▶ **Given material**

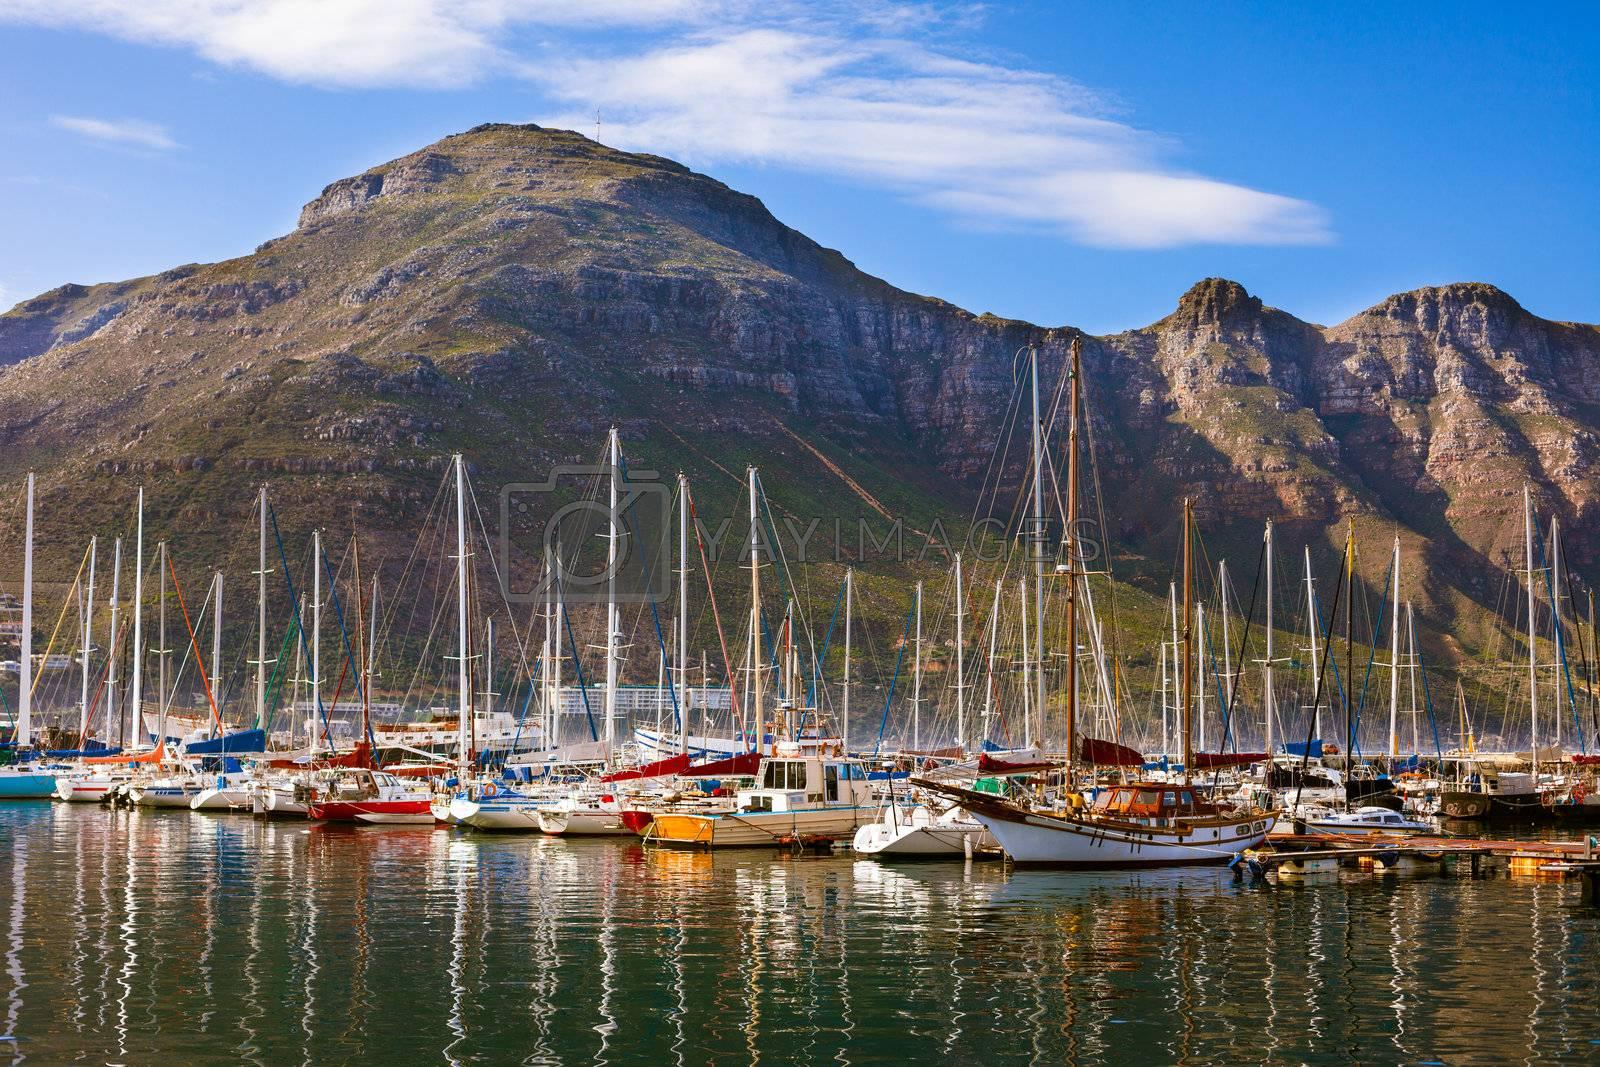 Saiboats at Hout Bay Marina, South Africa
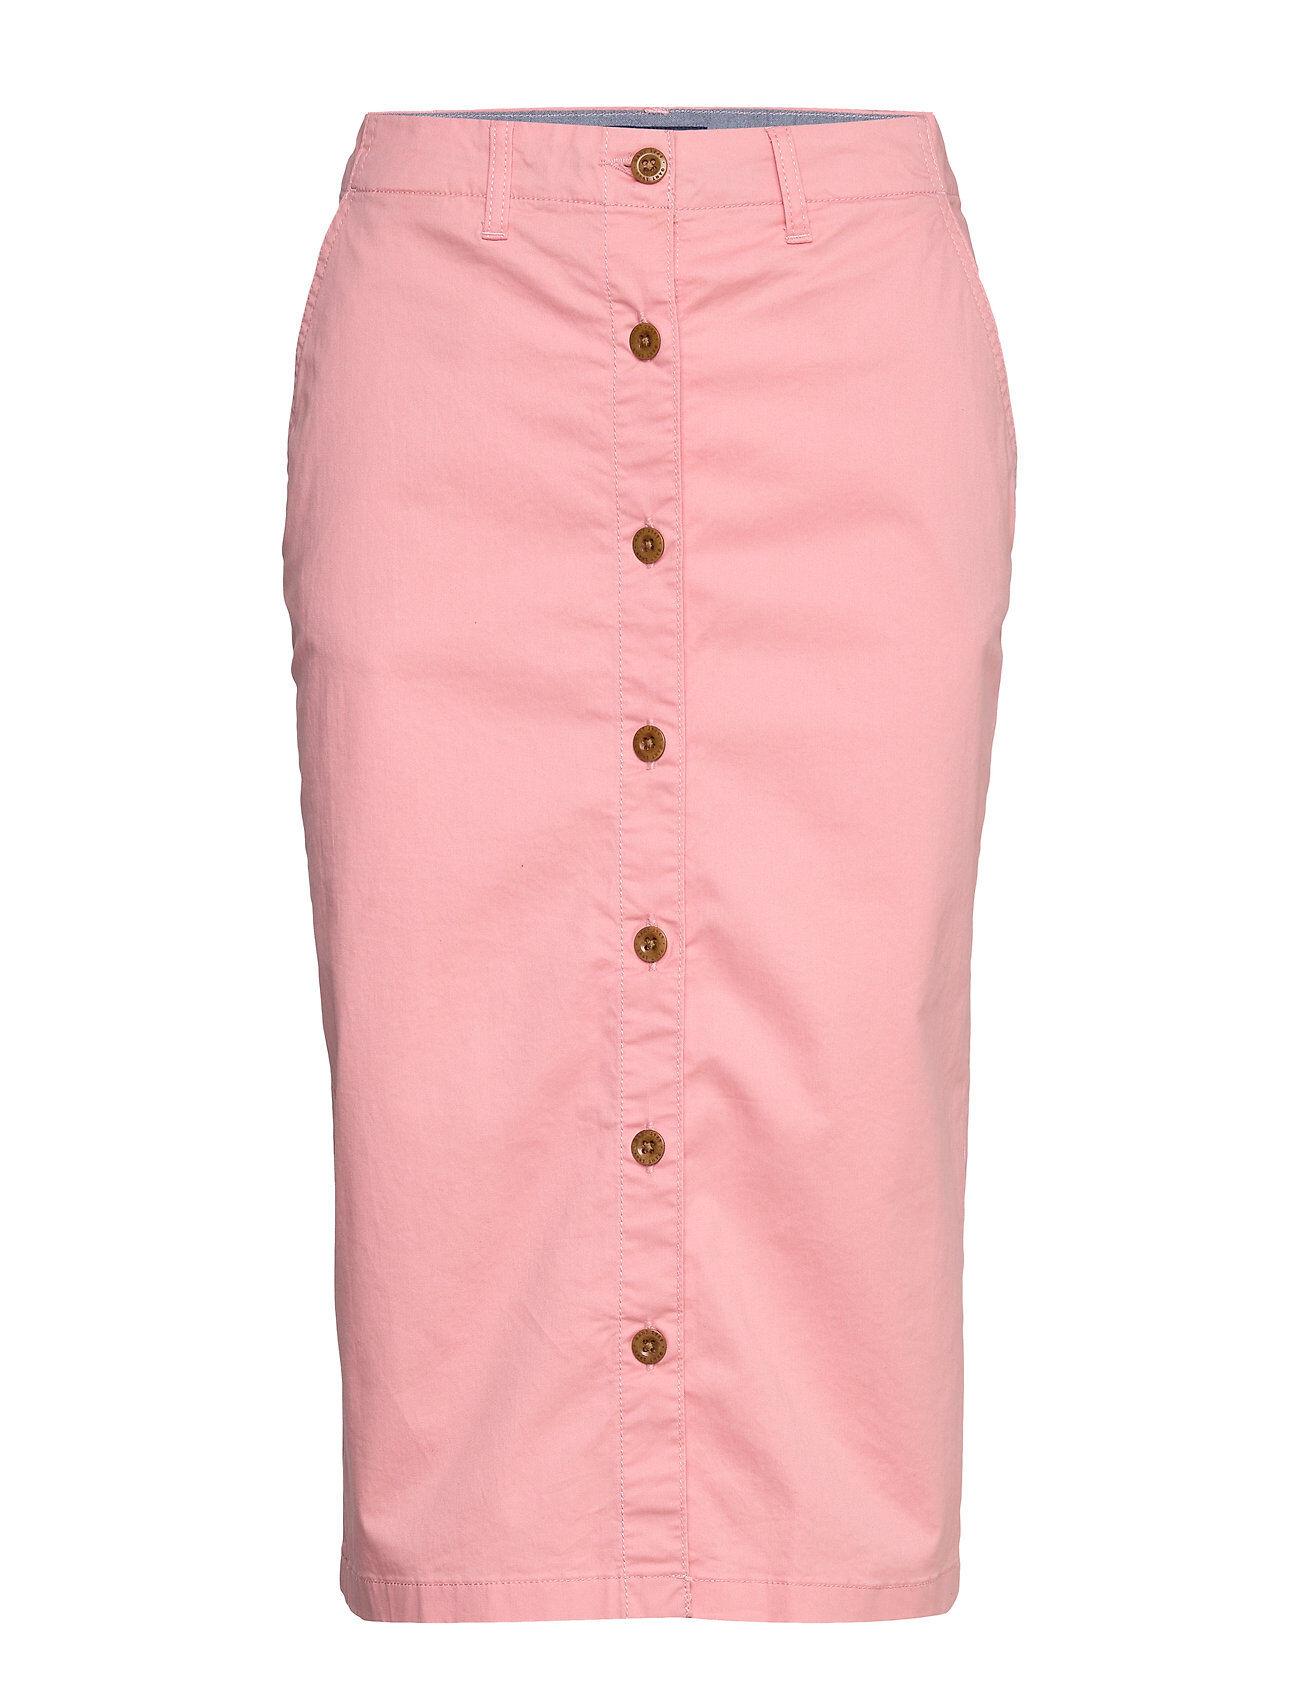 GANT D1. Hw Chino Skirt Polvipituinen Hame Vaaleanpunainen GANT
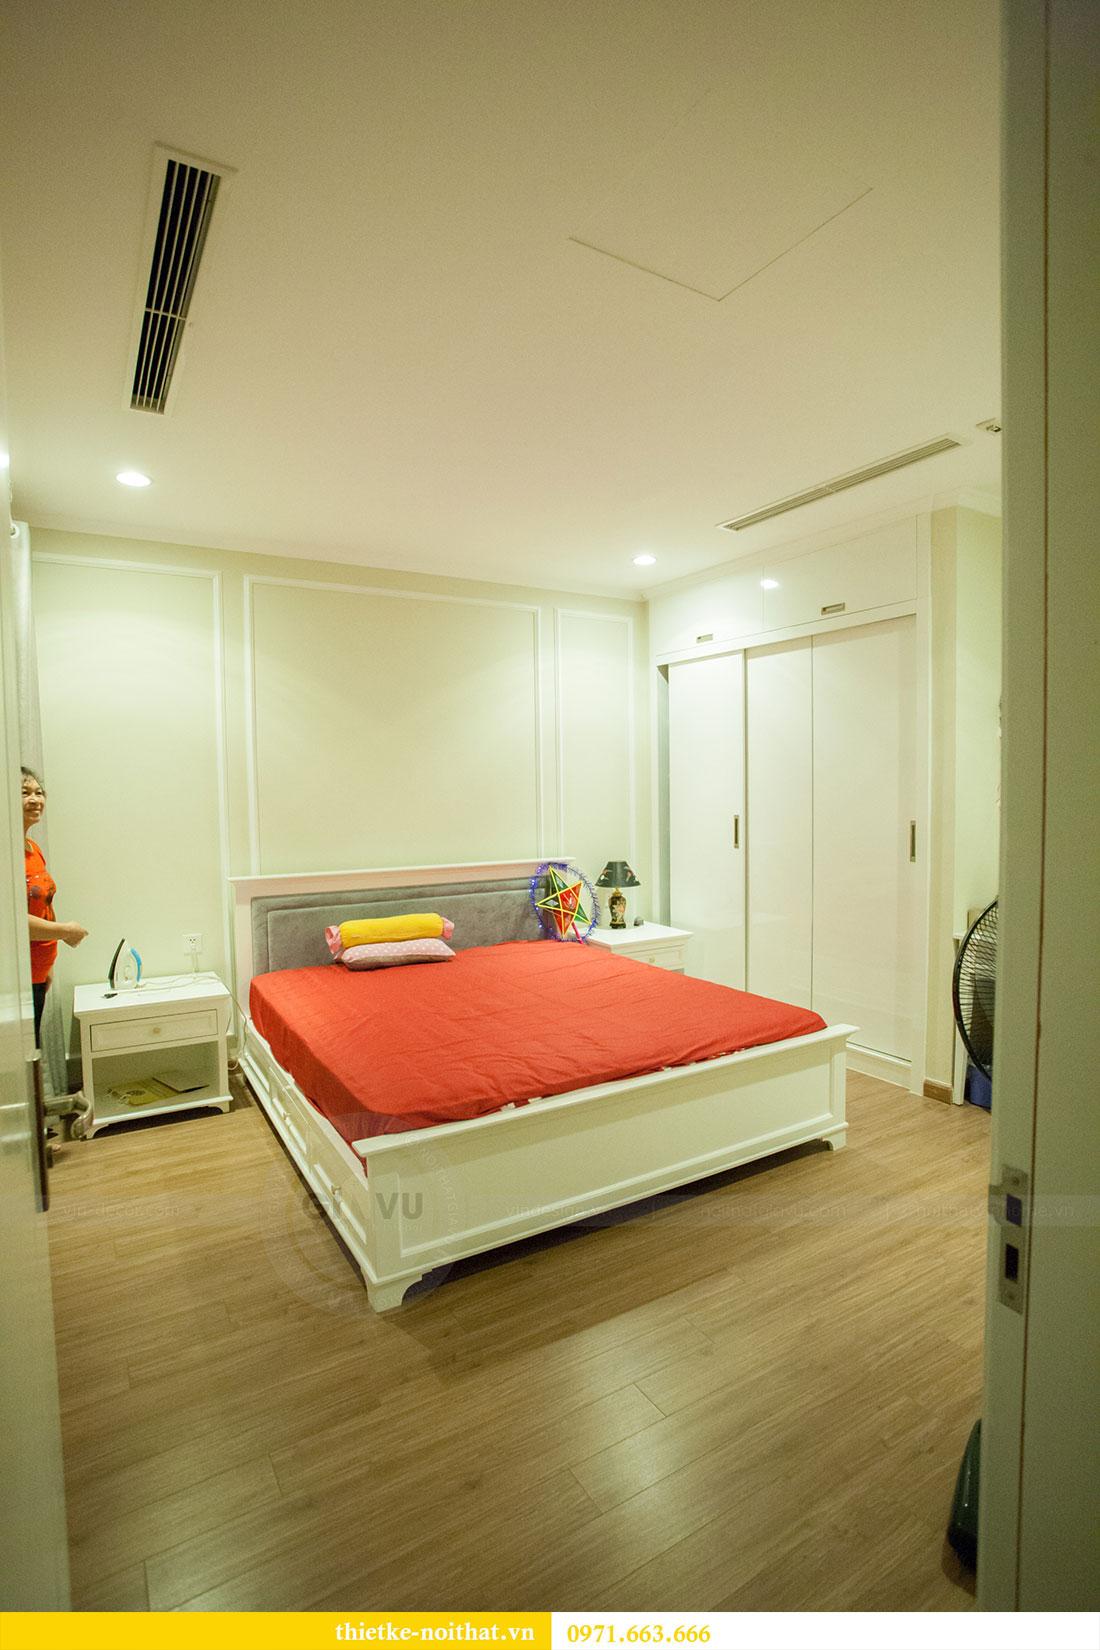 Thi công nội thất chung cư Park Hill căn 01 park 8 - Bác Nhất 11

▶ **The problem**
Transcribe all of the data above exactly; no picture belongs in the copy.

▶ **Task output**
 Saiboats at Hout Bay Marina, South Africa
 GANT D1. Hw Chino Skirt Polvipituinen Hame Vaaleanpunainen GANT
 Thi công nội thất chung cư Park Hill căn 01 park 8 - Bác Nhất 11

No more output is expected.